Mic Gunderson, an EMS1 columnist, occasionally receives questions from EMS leaders who find themselves in the design and improvement of systems about which he writes. The following is a question Gunderson received from a reader and is happy to answer.
Question: “How would someone evaluate the value when looking at the costs of more frequent 911 transports and responses, such as calls related to alcohol, mental health or poorly managed chronic illness?”
— Elsie Kusel, prehospital care coordinator in Alameda County and a paramedic in San Joaquin County.
Response: The key thing to remember about value measurement, as opposed to subjective impressions of value, is that you want to try to have a number that reflects on what a service costs (in money, resources, etc.) to deliver; and another number that reflects on what was received or changed.
The cost factor goes in the denominator and the benefit/change goes in the numerator.
The numbers need to be formatted in way that the number in the denominator gets larger when the cost and resource use is larger. Similarly, the number in the numerator needs to get larger when there is a positive change and gets smaller if the benefit is less.
In a value equation for the process of EMS care delivery to chronic inebriates, you might have something like this
Process Goal: Reduce the number of patients classified as chronic inebriates in a defined group of 500 individuals that were classified as chronic inebriate patients at the start of the program.

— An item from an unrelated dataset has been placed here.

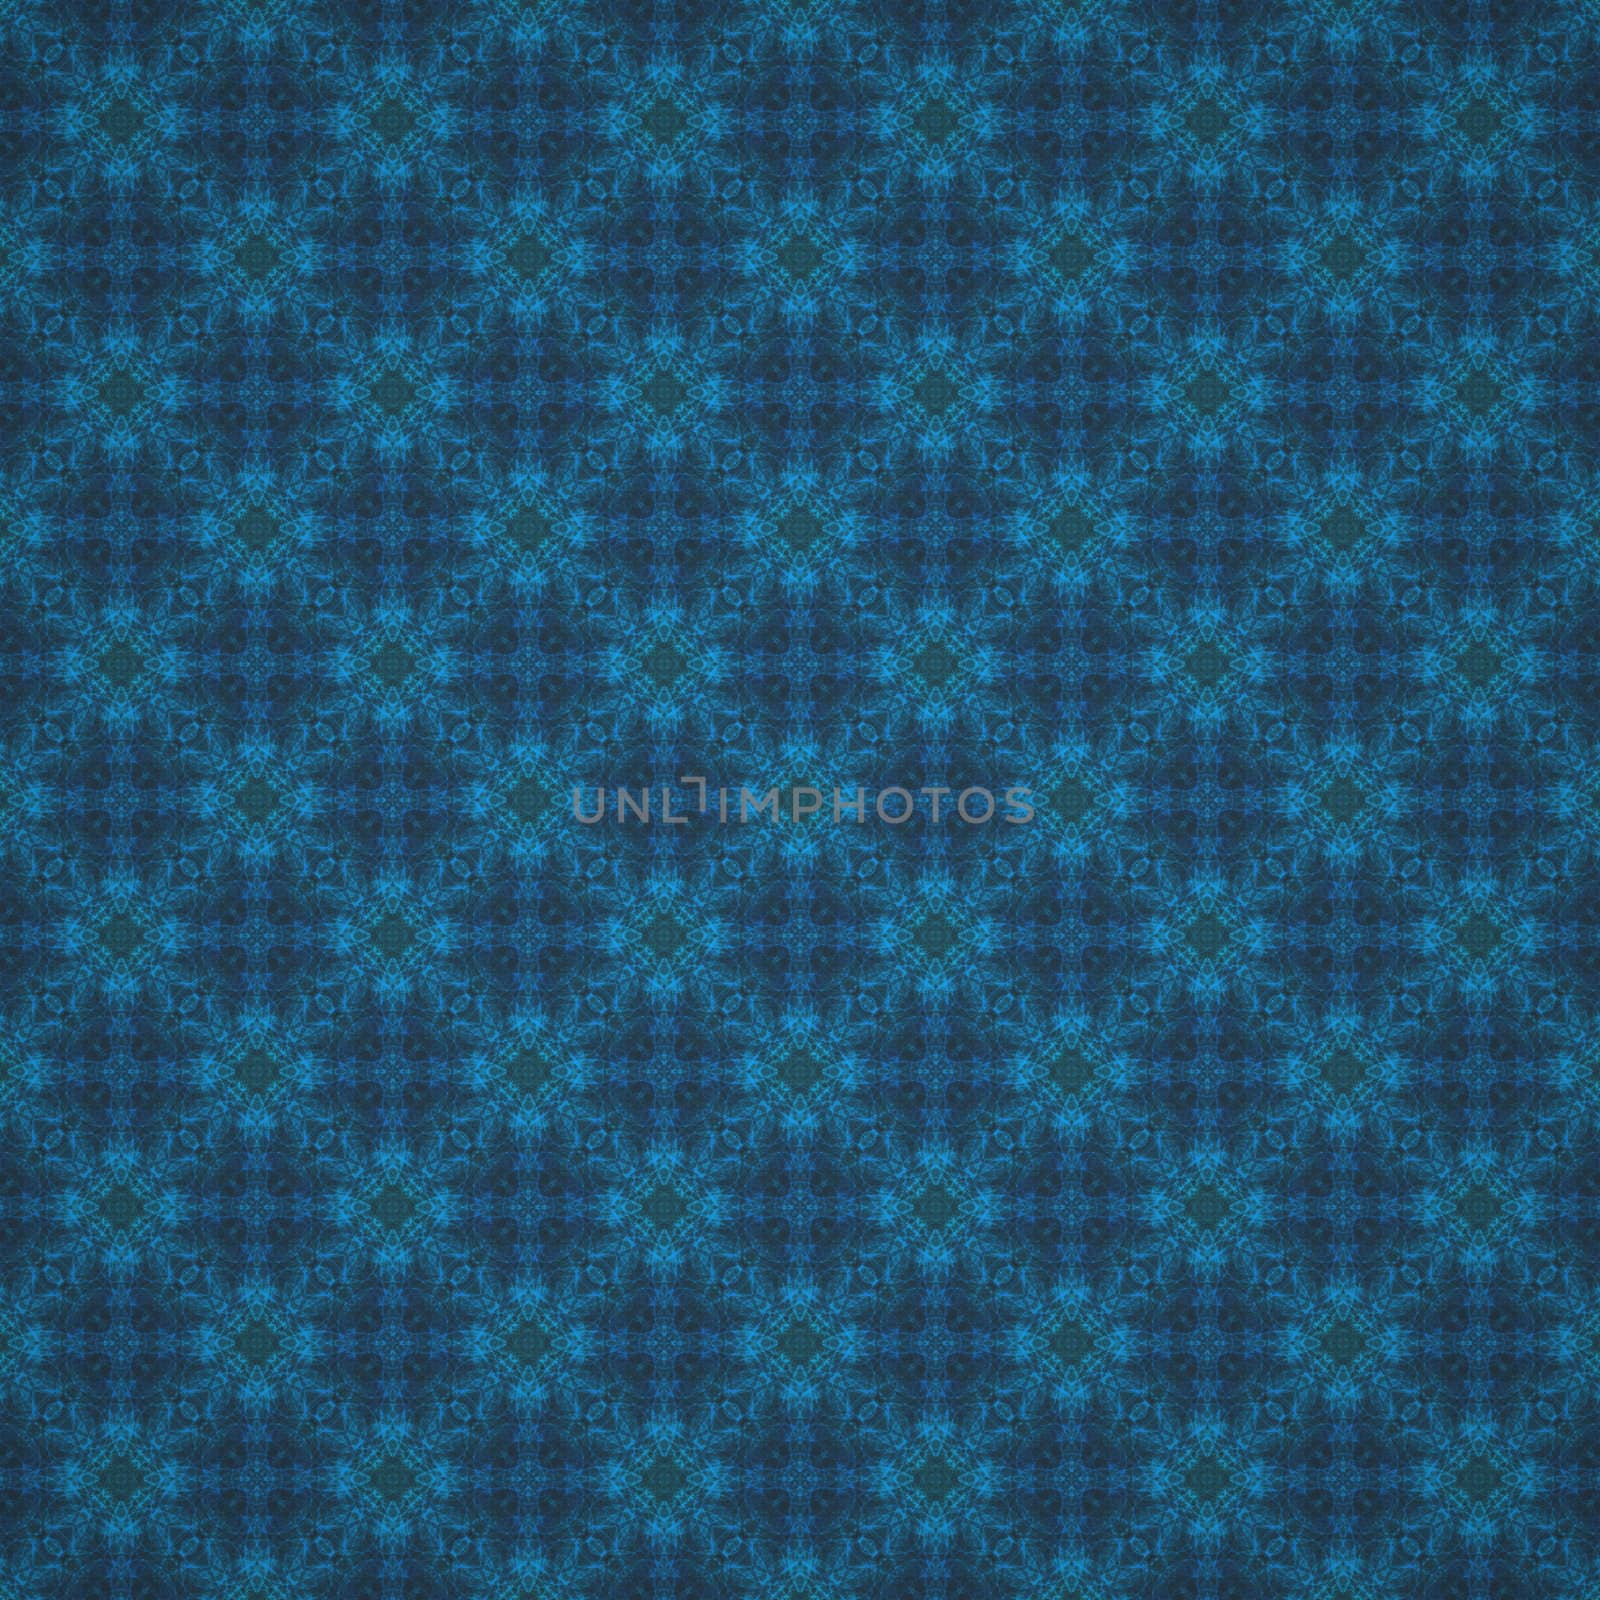 An image of a blue wallpaper background
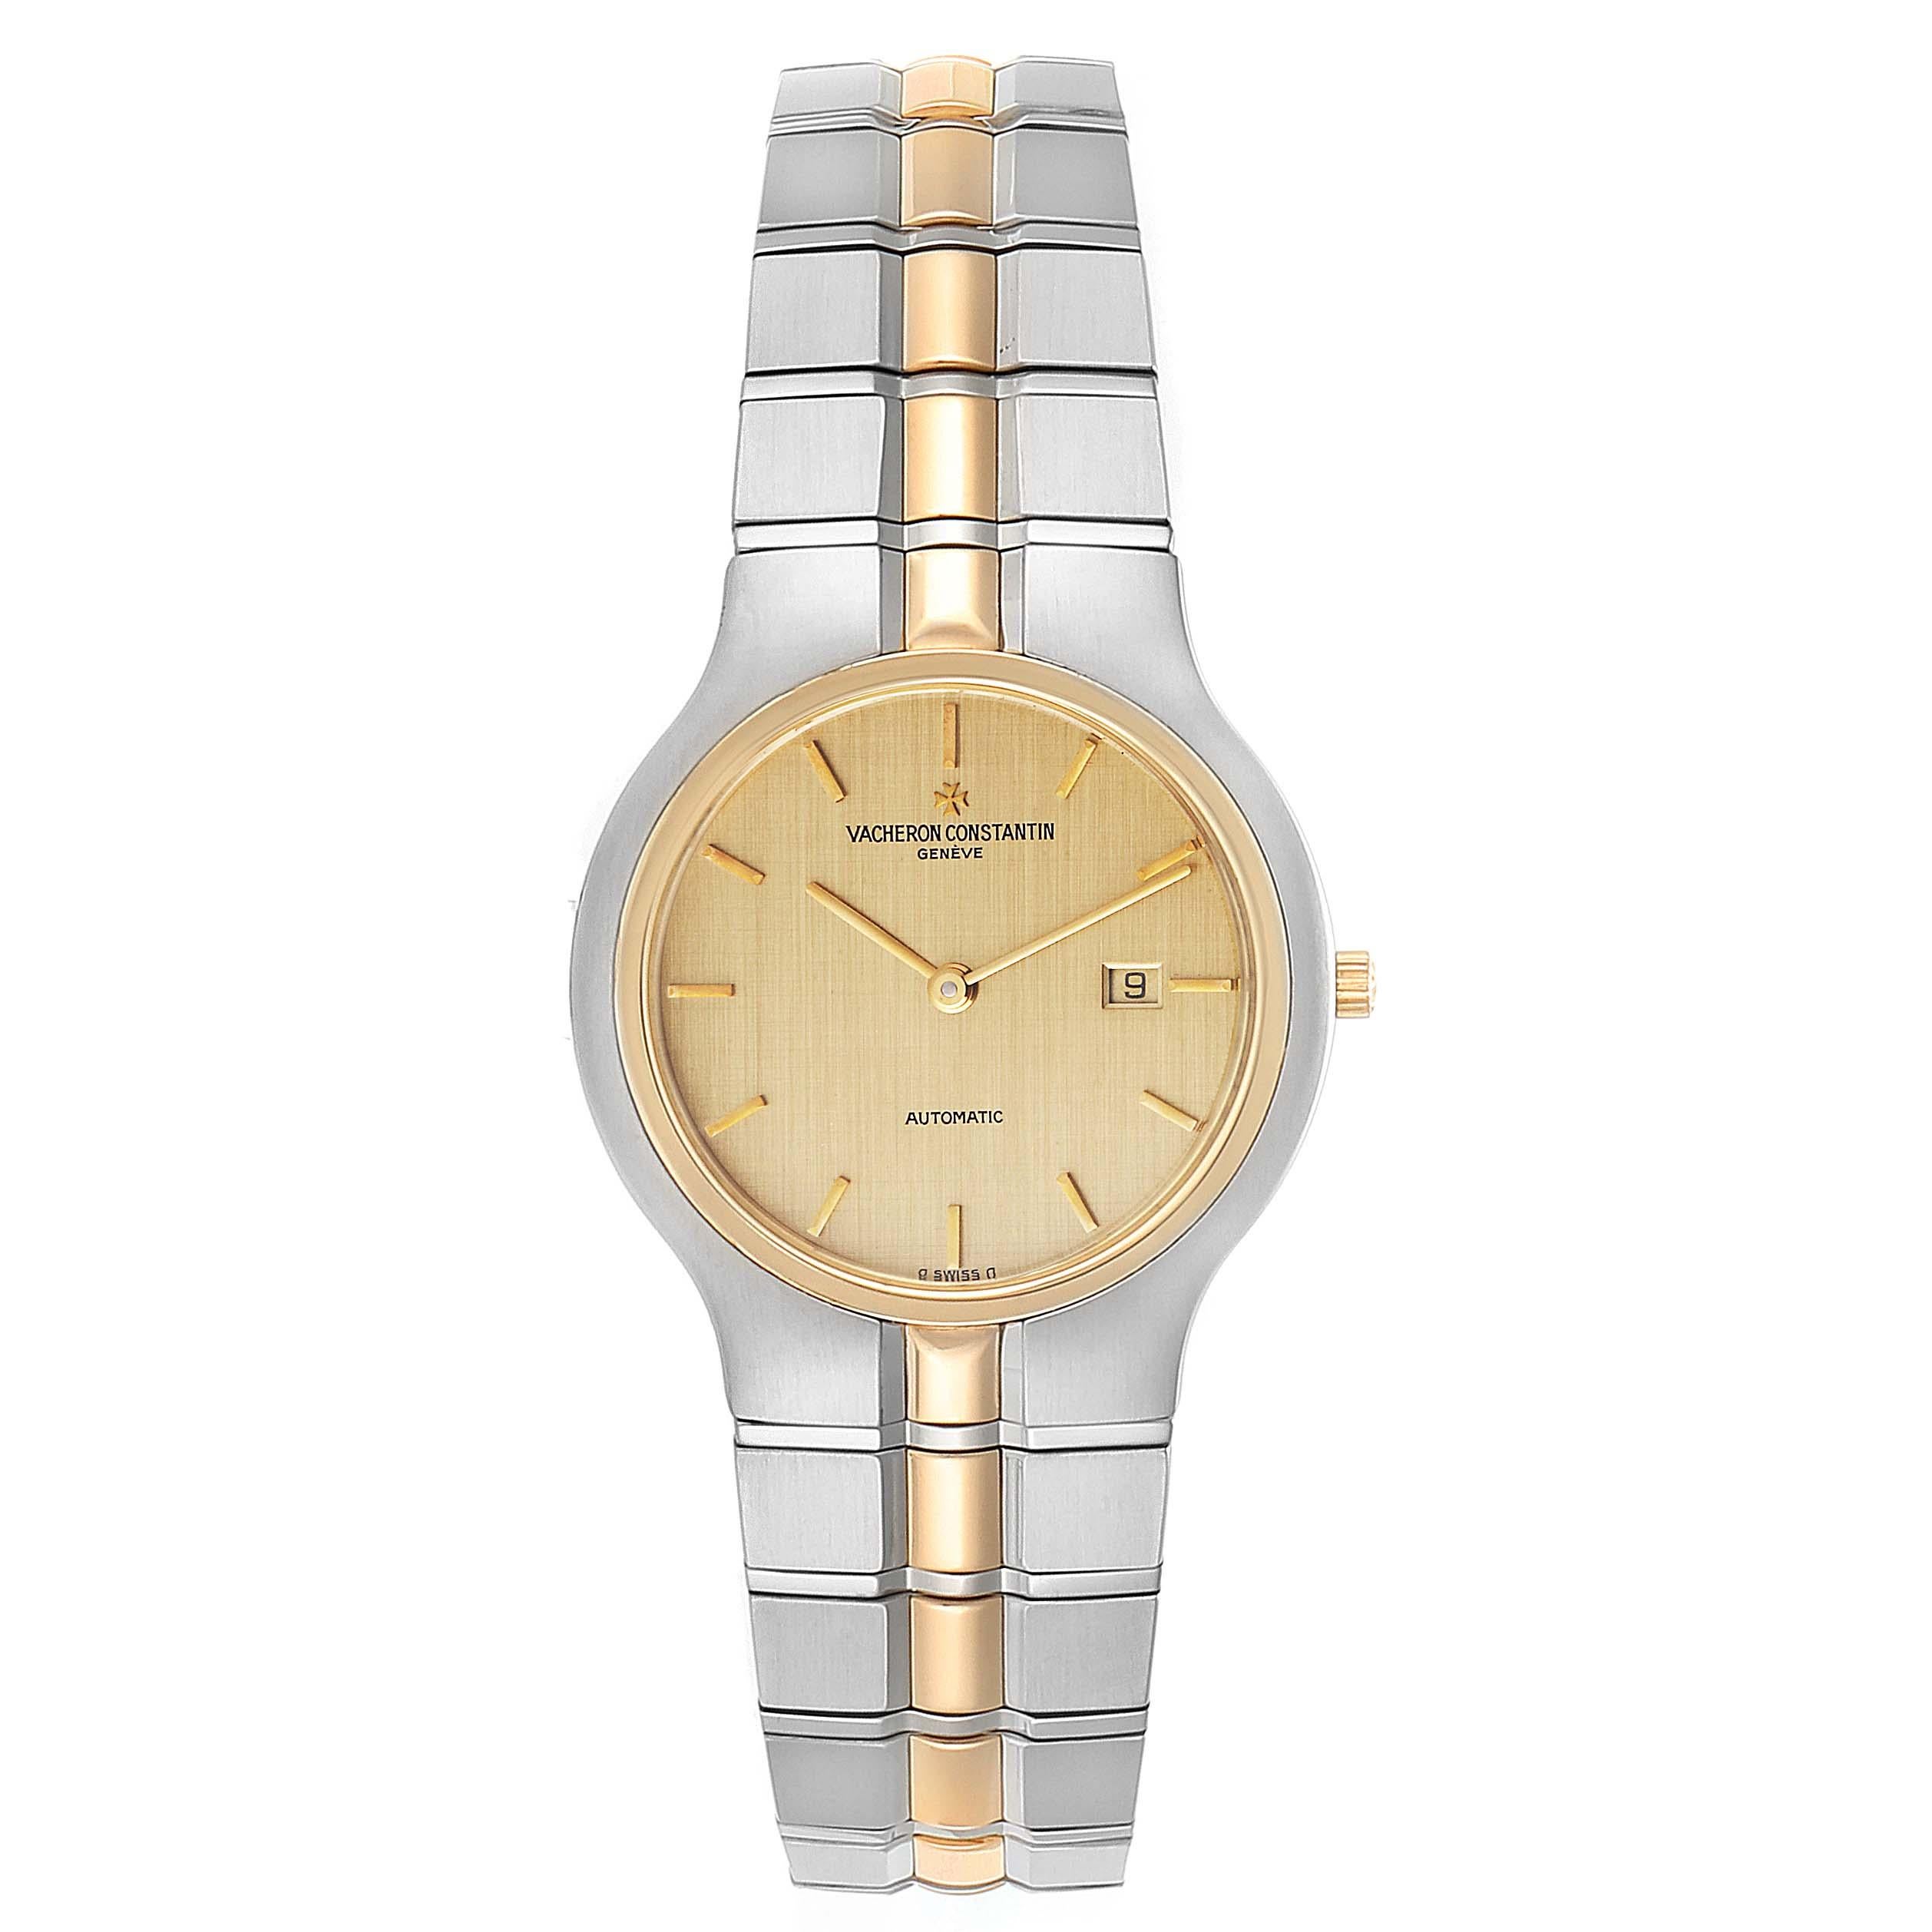 Vacheron Constantin Phidias 33 Steel Yellow Gold Ladies Watch 25750 Card. Quartz movement. Brushed stainless steel case 33.0 mm in diameter. 18K yellow gold winding crown with the Vacheron Maltese cross, and a solid case back secured with 8 screws

Numerator: Number of cases from a defined target population of 500 patients that are no longer classified as chronic inebriates is the numerator. Note: the numerator number will increase with a positive change.
Denominator: The denominator is the sum of the costs to deliver the intervention to the target population. It might include: (EMS unit hours spent in the calendar month on calls involving chronic inebriates x average ambulance or MIH unit hour cost as applicable) + (hours spent by social services staff delivering services to the target population x average cost of social service delivery) + costs of unscheduled ED visits + costs of medical clinic care
Using this numerator / denominator, you can compare the value of one strategy versus another. Perhaps one strategy is the status quo – chronic inebriates call 911, EMS responds and ED transport ensues. Compare that to a community paramedic program strategy coupled with an ED social worker intervention program.
Until you start bringing patients out of the chronic inebriate category, you’re not going to show value. The more patients that transition out of the chronic inebriate status, and the less it costs to make the change, the higher value quotient will be.
This is a rough example to demonstrate the general idea of how it works.